New and Noteworthy---The Hearts and Minds of the Army of Northern Virginia

Soldiering in the Army of Northern Virginia: A Statistical Portrait of the Troops Who Served under Robert E. Lee (Civil War America) by Joseph T. Glatthaar, The University of North Carolina Press, 256 pages, $50.00

From the Publisher: In this sophisticated quantitative study, Joseph T. Glatthaar provides a comprehensive narrative and statistical analysis of many key aspects of General Robert E. Lee's Army of Northern Virginia. Serving as a companion to Glatthaar's General Lee's Army: From Victory to Collapse, this book presents Glatthaar's supporting data and major conclusions in extensive and extraordinary detail.

While gathering research materials for General Lee's Army, Glatthaar compiled quantitative data on the background and service of 600 randomly selected soldiers--150 artillerists, 150 cavalrymen, and 300 infantrymen--affording him fascinating insight into the prewar and wartime experience of Lee's troops. Soldiering in the Army of Northern Virginia presents the full details of this fresh, important primary research in a way that is useful to scholars and students and appeals to anyone with a serious interest in the Civil War. While confirming much of what is believed about the army, Glatthaar's evidence challenges some conventional thinking in significant ways, such as showing that nearly half of all Lee's soldiers lived in slaveholding households (a number higher than previously thought), and provides a broader and fuller portrait of the men who served under General Lee.

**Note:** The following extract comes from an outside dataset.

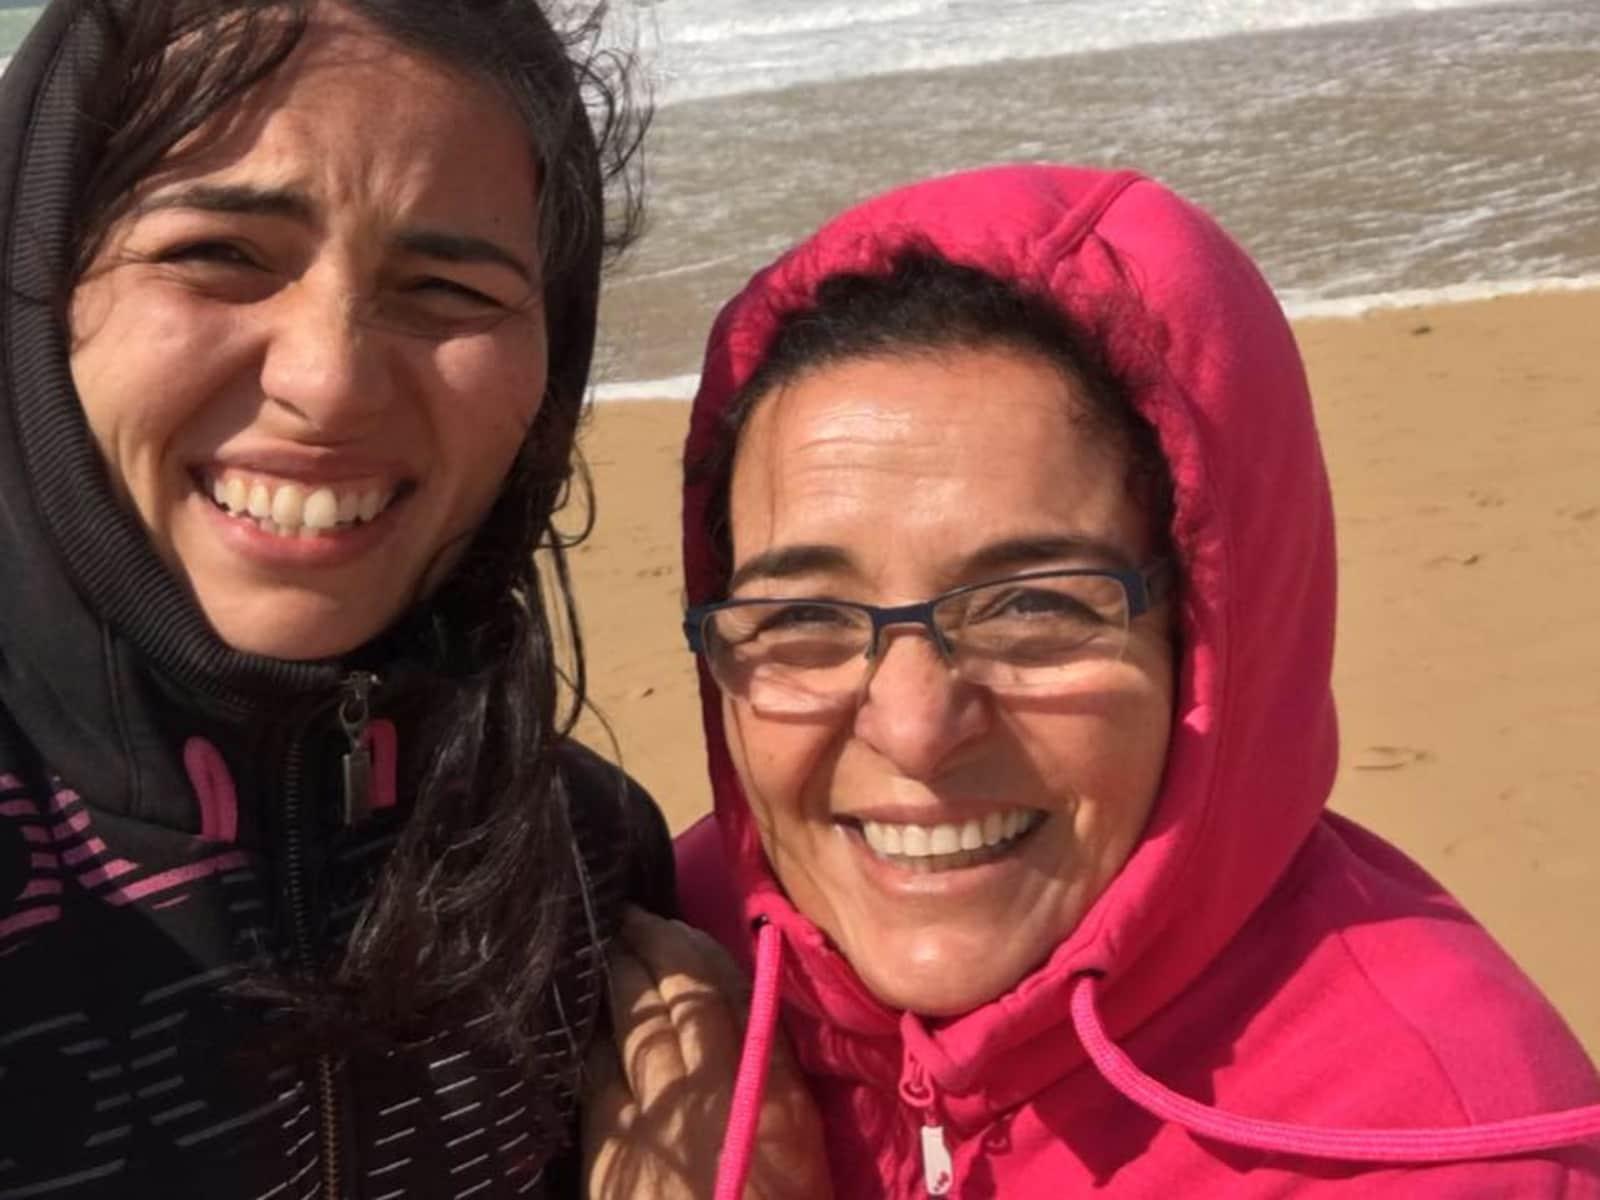 Maria rocio from Ras al-Khaimah, United Arab Emirates

Scholars, Civil War enthusiasts, and anyone with an interest in the Army of Northern Virginia must read this first-rate piece of research and analysis by Glatthaar. It will be a highly useful companion to his narrative history, General Lee's Army, and is sure to become one of the most cited reference works on any Civil War army."--Robert K. Krick, author of Stonewall Jackson at Cedar Mountain and Lee's Colonels

CWL: Joseph T. Glatthaar's companion to his remarkable General Lee's Army: From Victory to Collapse, Soldiering in the Army of Northern Virginia: A Statistical Portrait of the Troops Who Served under Robert E. Lee is quite likely of offer more insights into both the enlisted men's and commissioned officer's' hearts and minds. This is likely to be required for any undergraduate and graduate student focusing on Civil War history. Glatthaar delineates the research method for his stereotype breaking description of the Army of Northern Virginia. Bell Irvin Wiley is smiling from beyond the veil.